ACTION ITEM:
Starting with the line below that holds "Le scooter électrique" and stopping after the line that holds "ブレンボが分析する 2021年MotoGP イタリアグランプリ", transcribe the lines exactly, leaving out all pictures.

GIVEN MATERIAL:
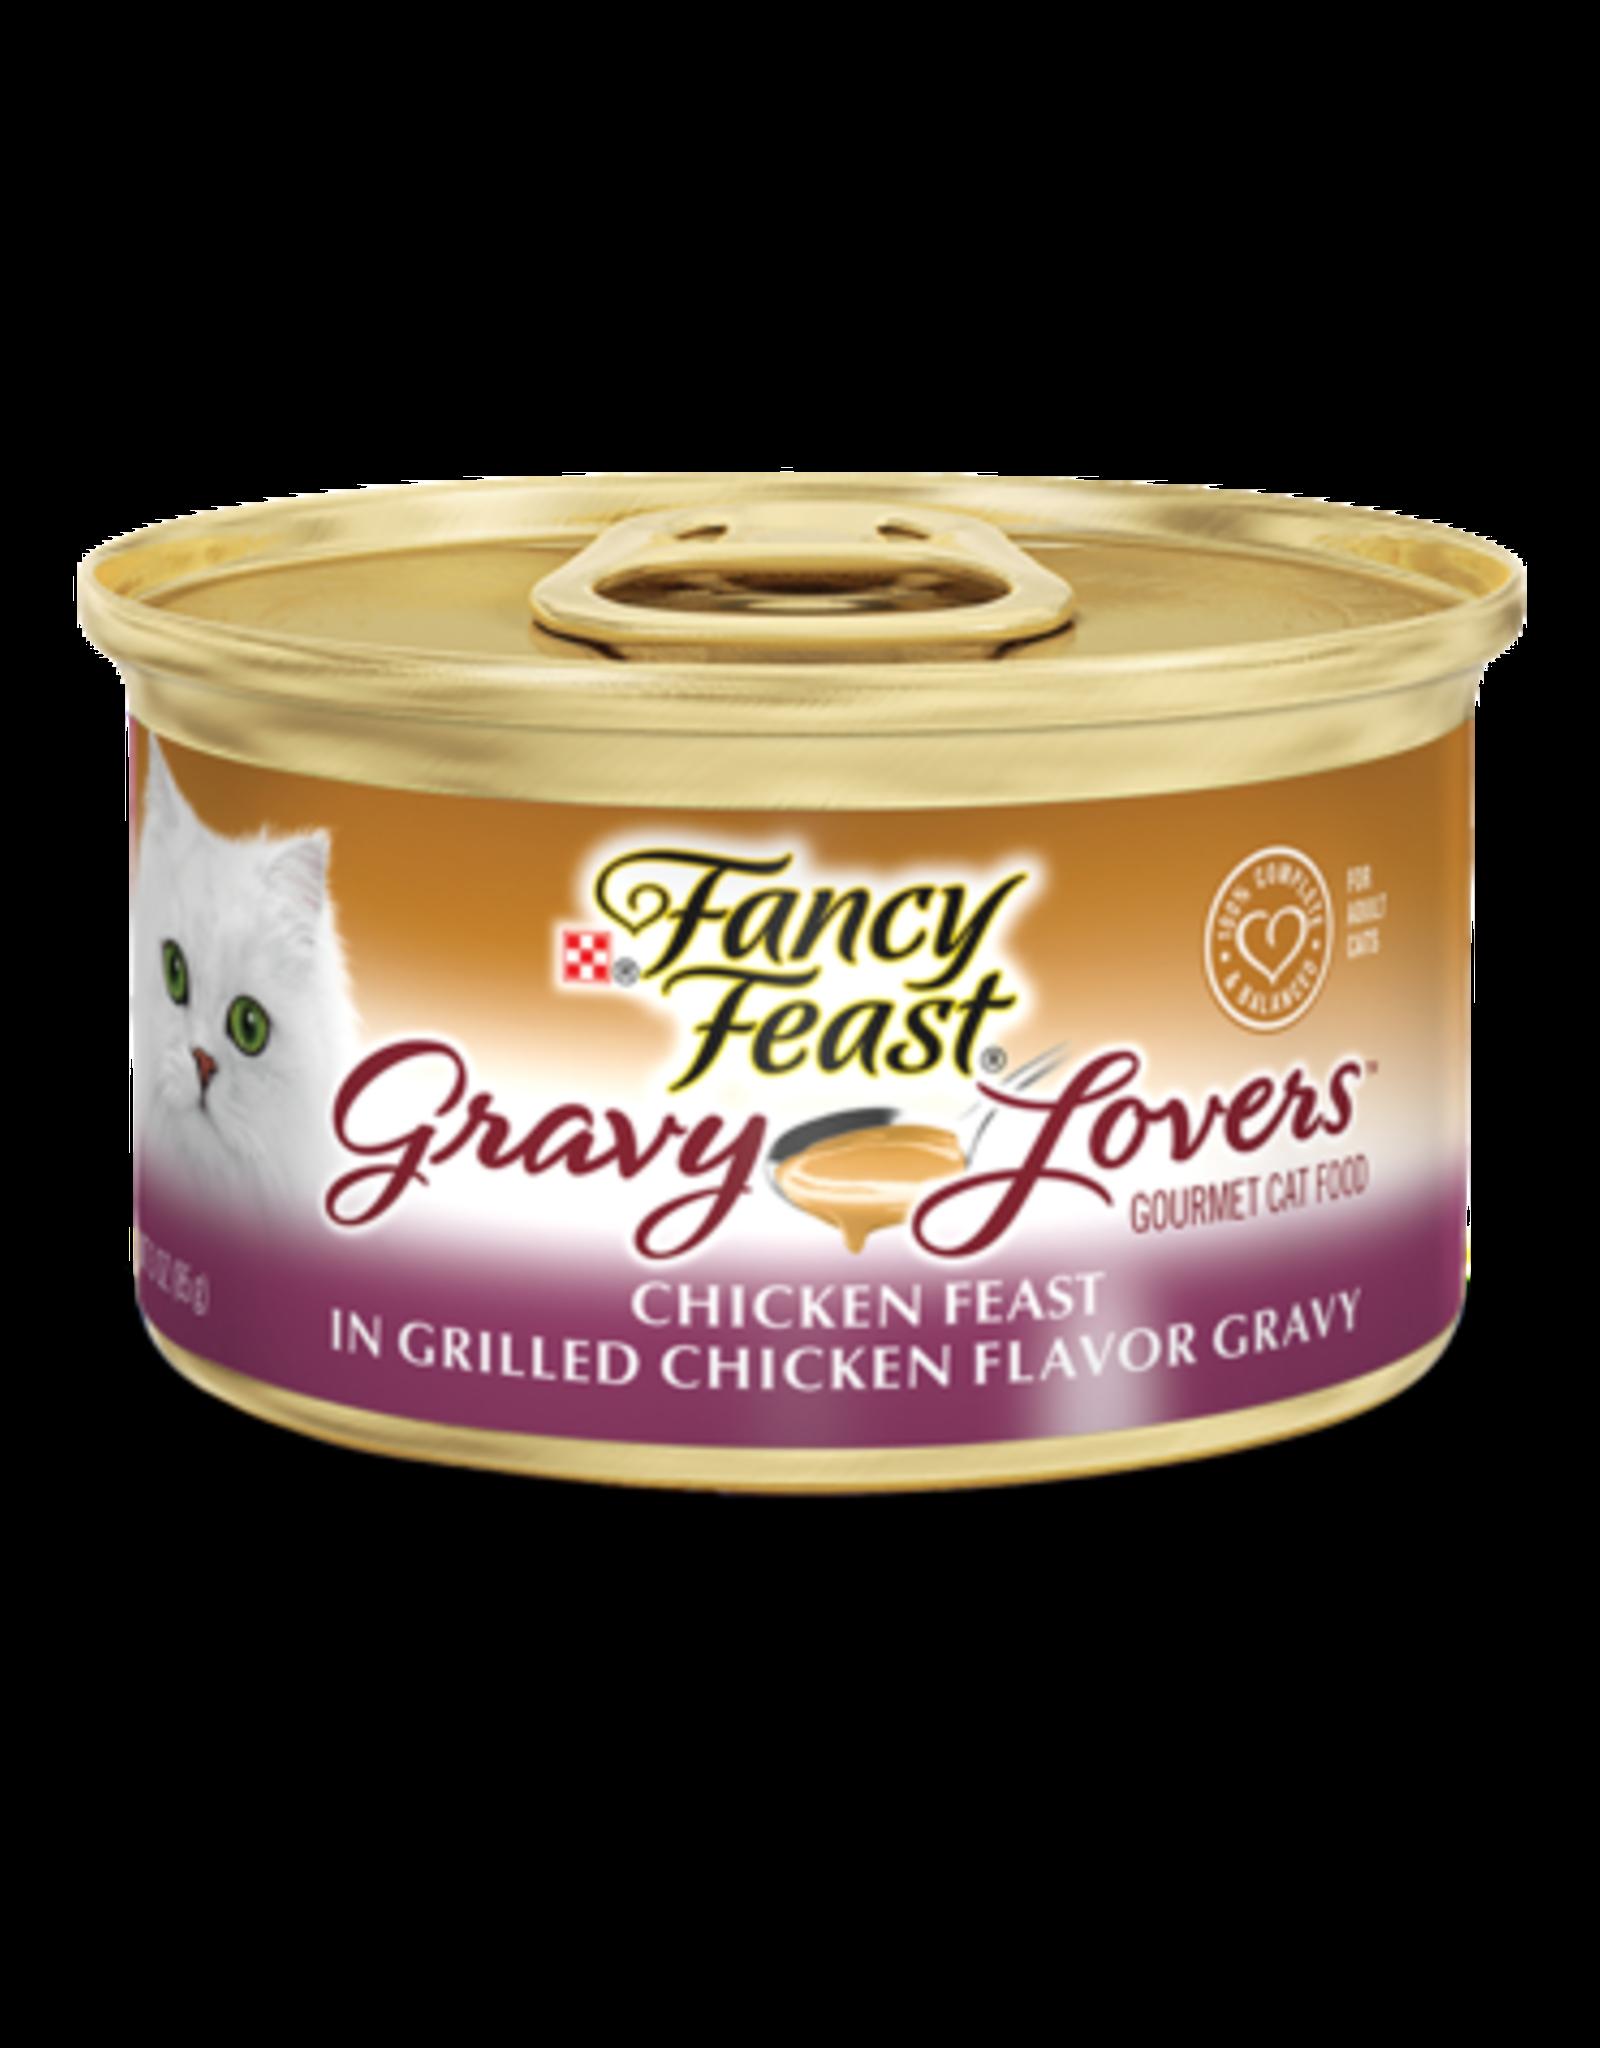 FANCY FEAST GRAVY LOVERS CHICKEN 3OZ CAN
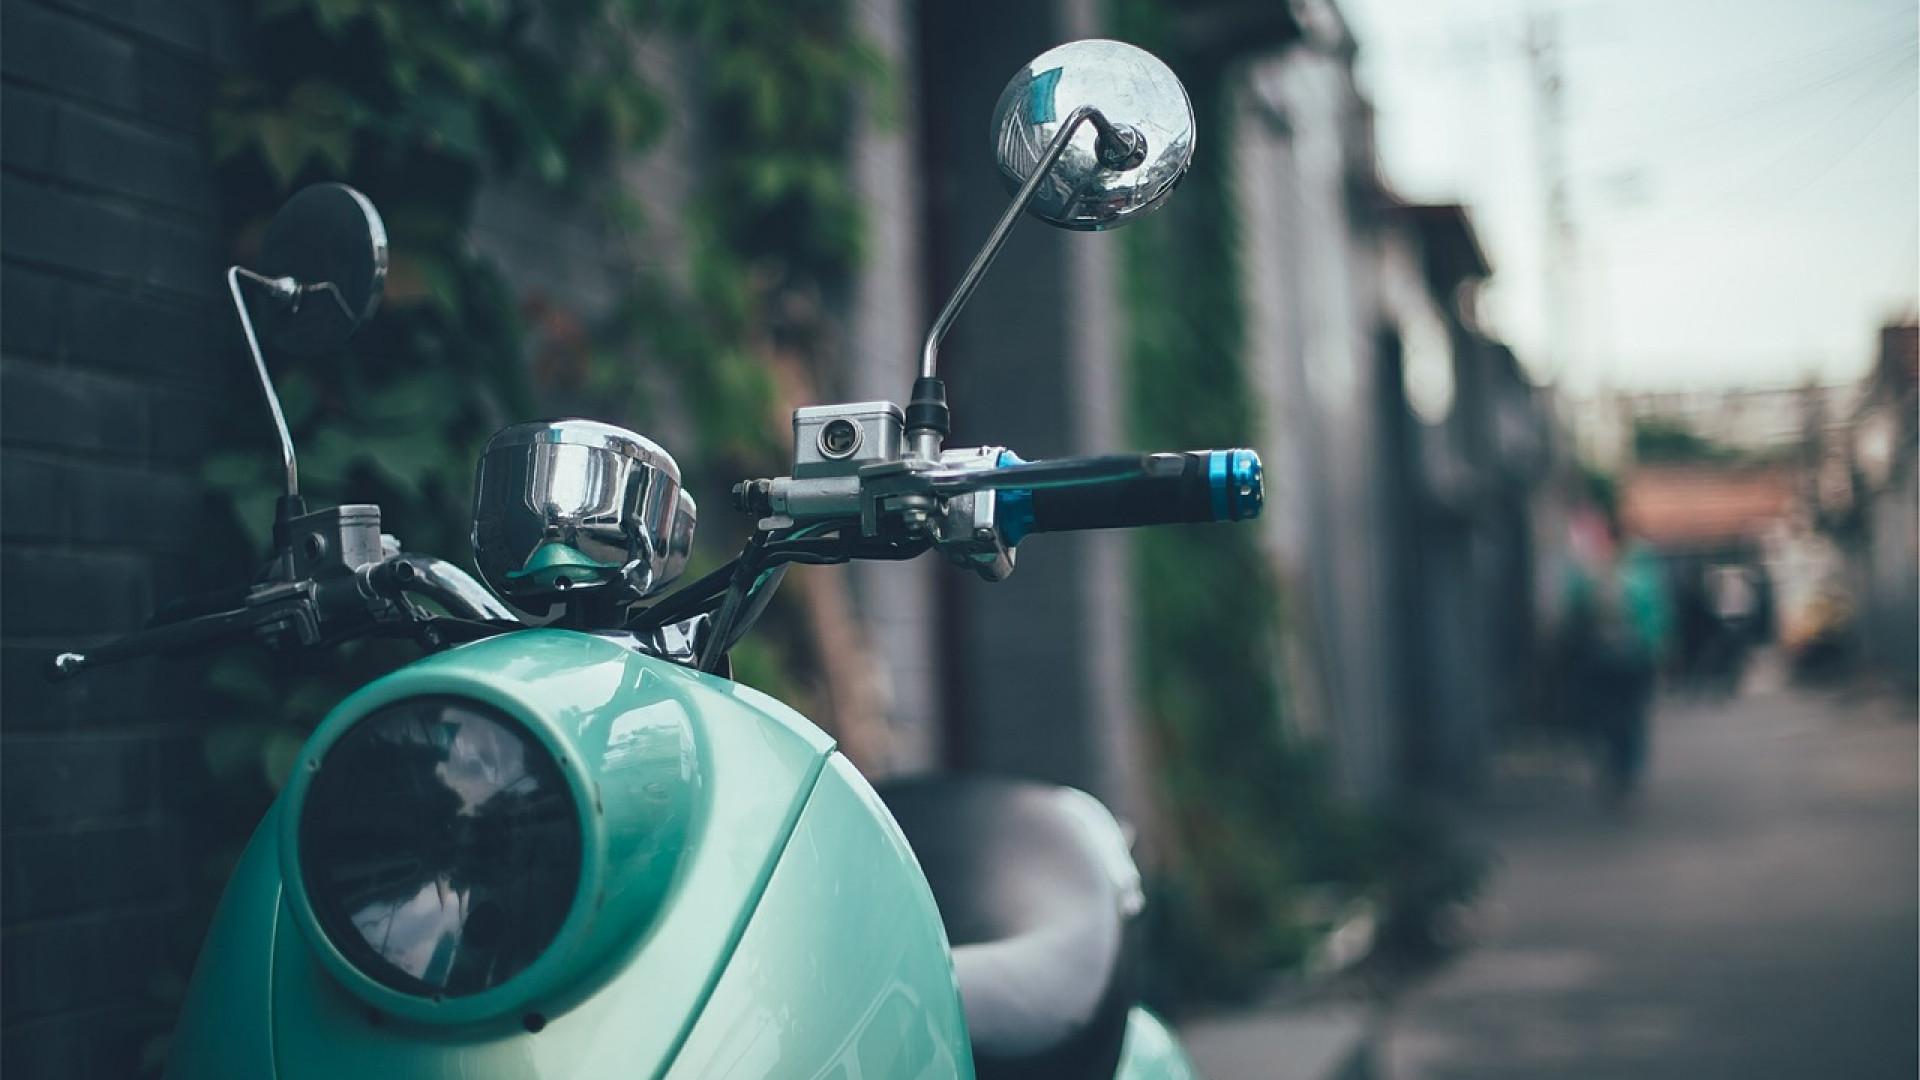 Le scooter électrique 50cc au profit de la mobilité douce
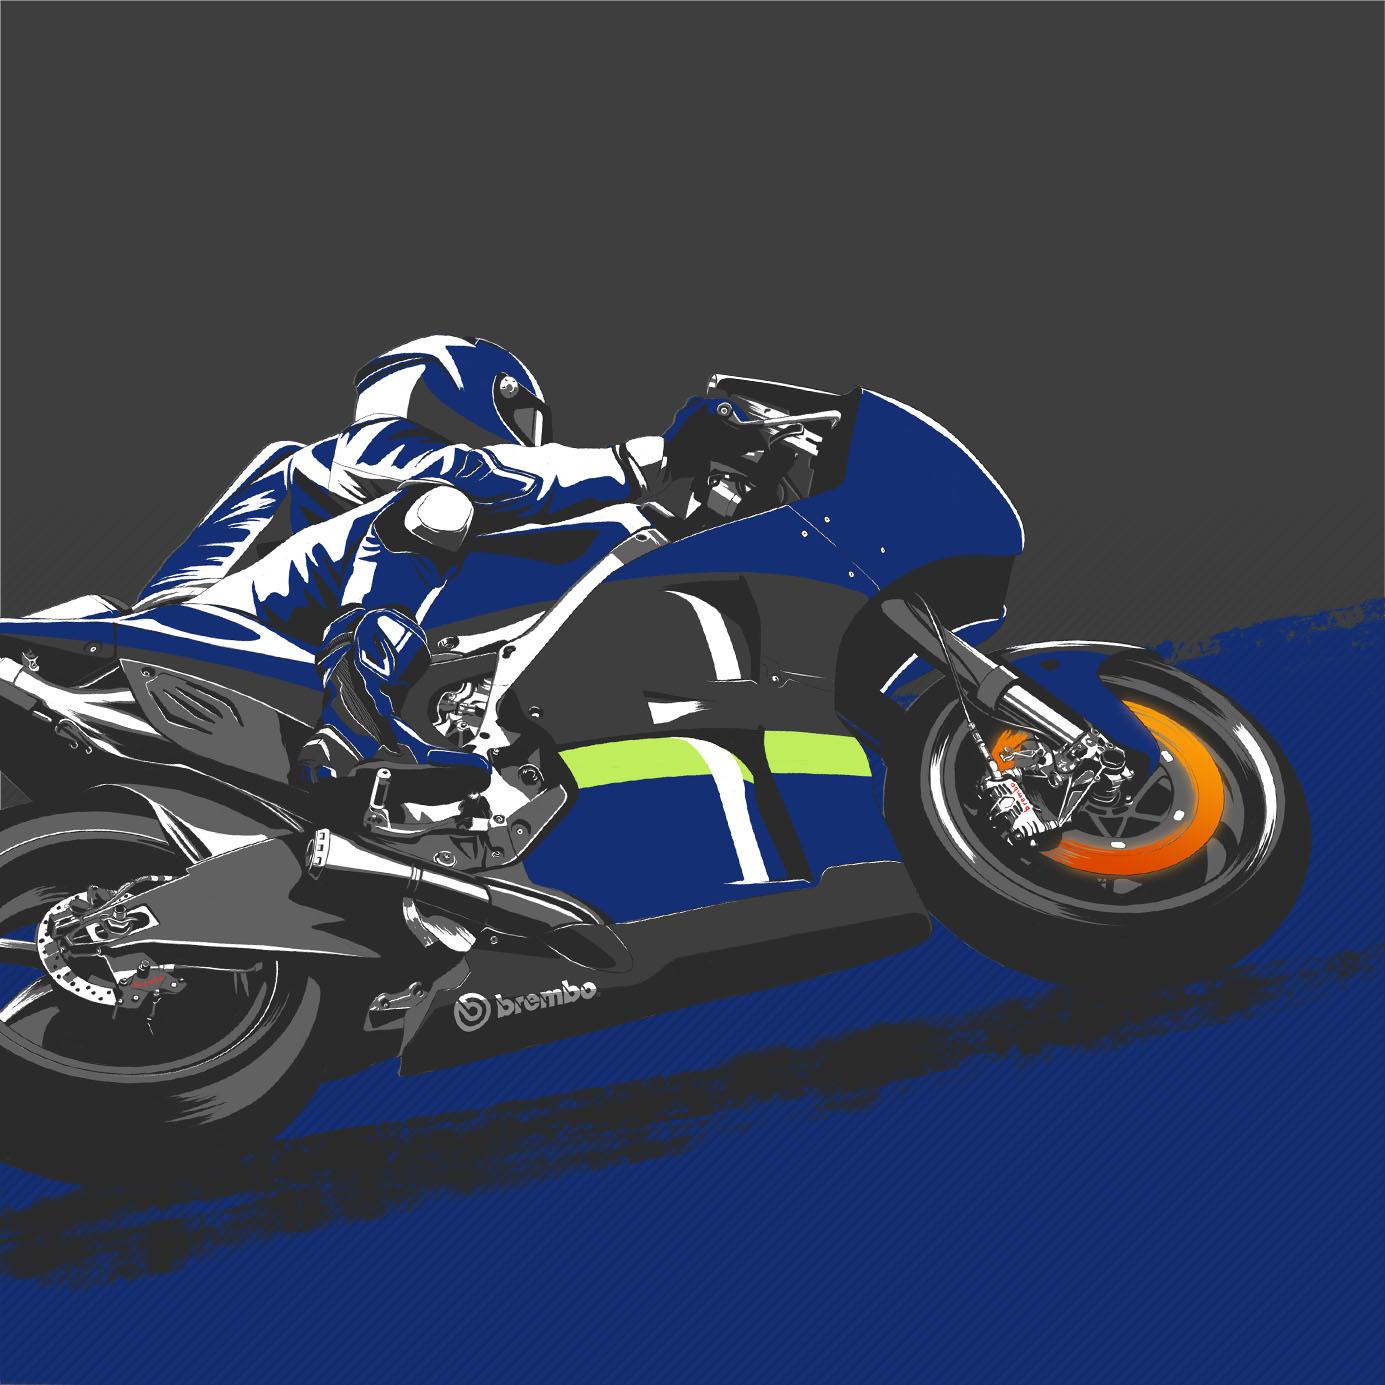 ブレンボが分析する 2021年MotoGP イタリアグランプリ
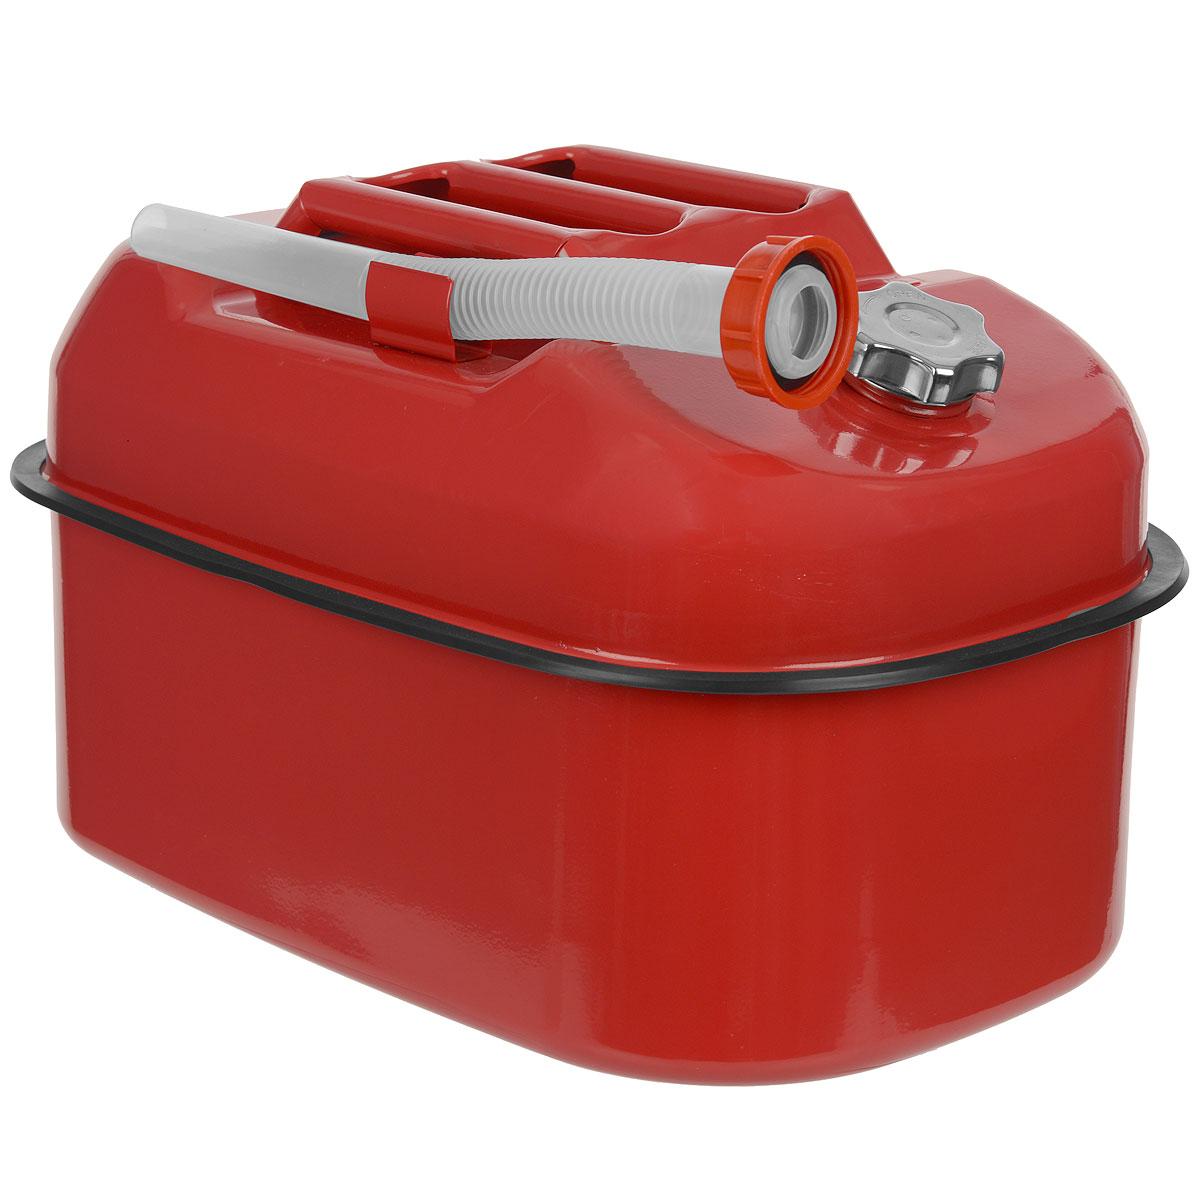 Канистра стальная Autoprofi, горизонтальная, 20 лKAN-500 (20L)Горизонтальная 20-литровая канистра Autoprofi особенно удобна для перевозки топлива в багажнике автомобиля, на квадроцикле, снегоходе или в катере. Горизонтальное распределение центра тяжести снижает риск опрокидывания емкости при транспортировке. Резиновый бортик канистры и отсутствие острых углов защищают от повреждений поверхность изделия и соседние предметы во время движения. Канистра изготовлена из оцинкованной стали, обладающей высокими антикоррозийными свойствами и устойчивостью к агрессивному воздействию залитого топлива. В верхнюю часть канистры встроен регулировочный клапан, который выравнивает давление воздуха внутри емкости с атмосферным, ускоряя процесс заливки и опорожнения. Также с канистрой поставляется длинная гофрированная трубка-лейка. С ее помощью удобно заливать топливо в горловину бака любой конфигурации.

EXERCISE RESPONSE:
 Le scooter électrique 50cc au profit de la mobilité douce
 ブレンボが分析する 2021年MotoGP イタリアグランプリ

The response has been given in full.